International Road Federation India Chapter(IRF IC)
- Founded: 2009
- Type: Non-governmental organization
- Headquarters: New Delhi
- President (Emeritus), IRF-GPC: Mr. K. K. Kapila
- President: Lt. Gen. Harpal Singh (Retd.)
- Website: https://indiairf.com/

= International Road Federation India Chapter =

Road safety organisation in India

The International Road Federation India Chapter is a chapter of the International Road Federation, presently headed by Harpal Singh (lieutenant general) as President. The India Chapter of the IRF has been active in India since February 2009 and has taken up road safety as its mission alongside its Geneva based parent body, International Road Federation, which has worked on Indian road safety programs since 2005.

==Activities==
The IRF's India Chapter advocates for improved design, maintenance, and management of Indian roads to make them economic, safe, and sustainable.
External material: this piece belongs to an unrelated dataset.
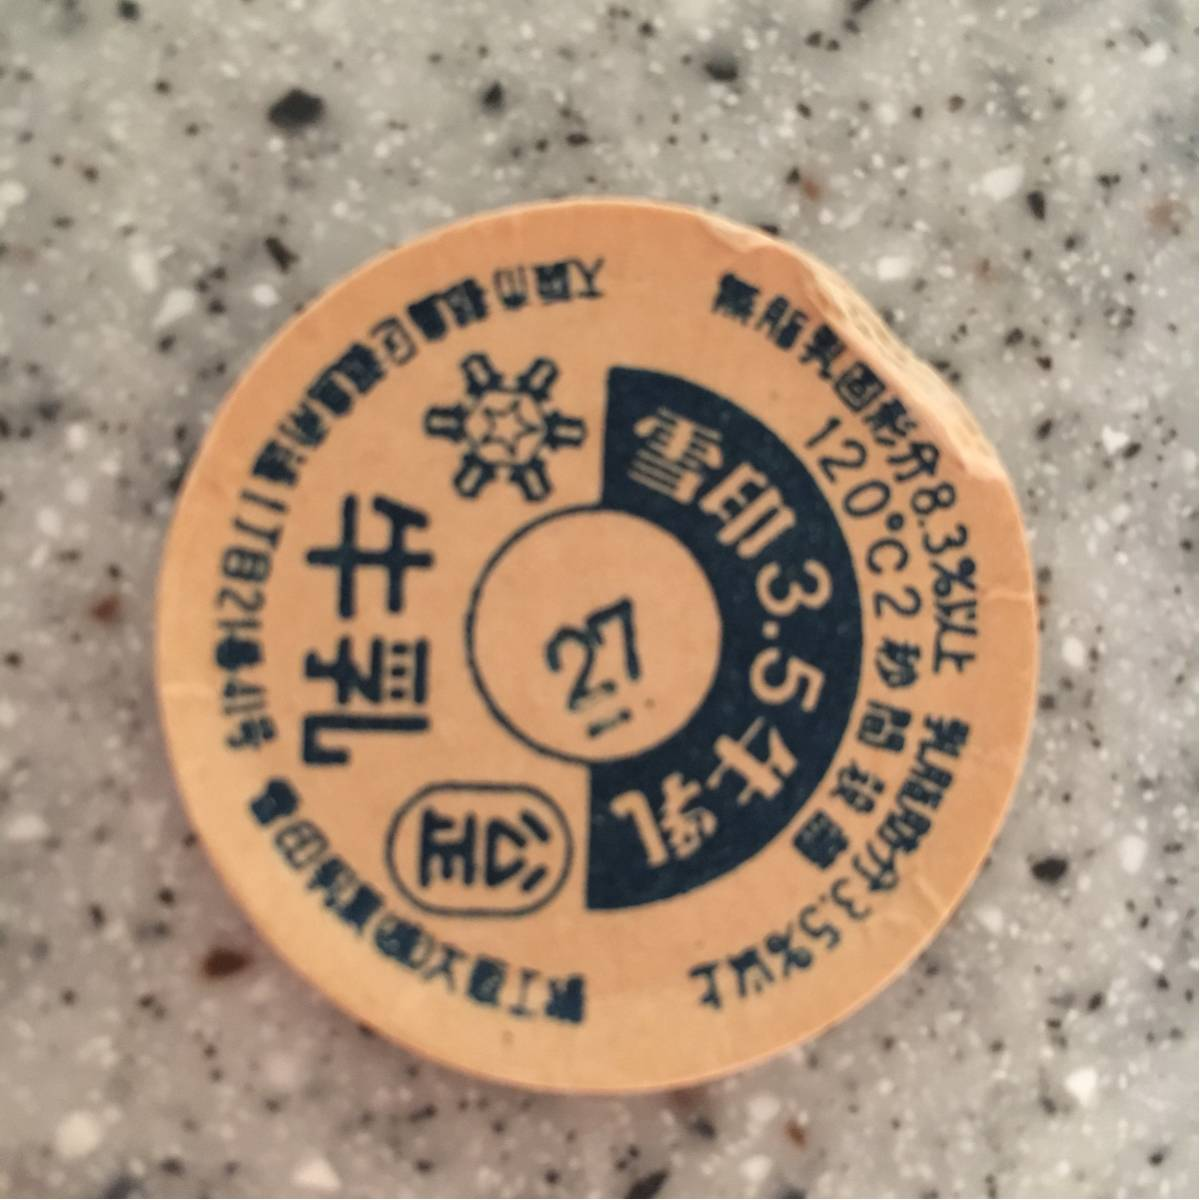 雪印3.5牛乳キャップ 今はなき雪印乳業(株)大阪工場

It comprises public and private sector road infrastructure interests. The India Chapter of IRF also works with some entrepreneurs to create examples of best practices in the provision of built-in safety of the highest standards, such as improving the visibility of motorcyclists and pedestrians in traffic. While advocating for a mandatory road safety audit for vehicles, it has supported a mandatory provision of in-vehicle safety devices similar to those in the developed world, and the deployment of appropriate intelligent transportation system devices to assist in enforcement. The organization is funded primarily through member fees.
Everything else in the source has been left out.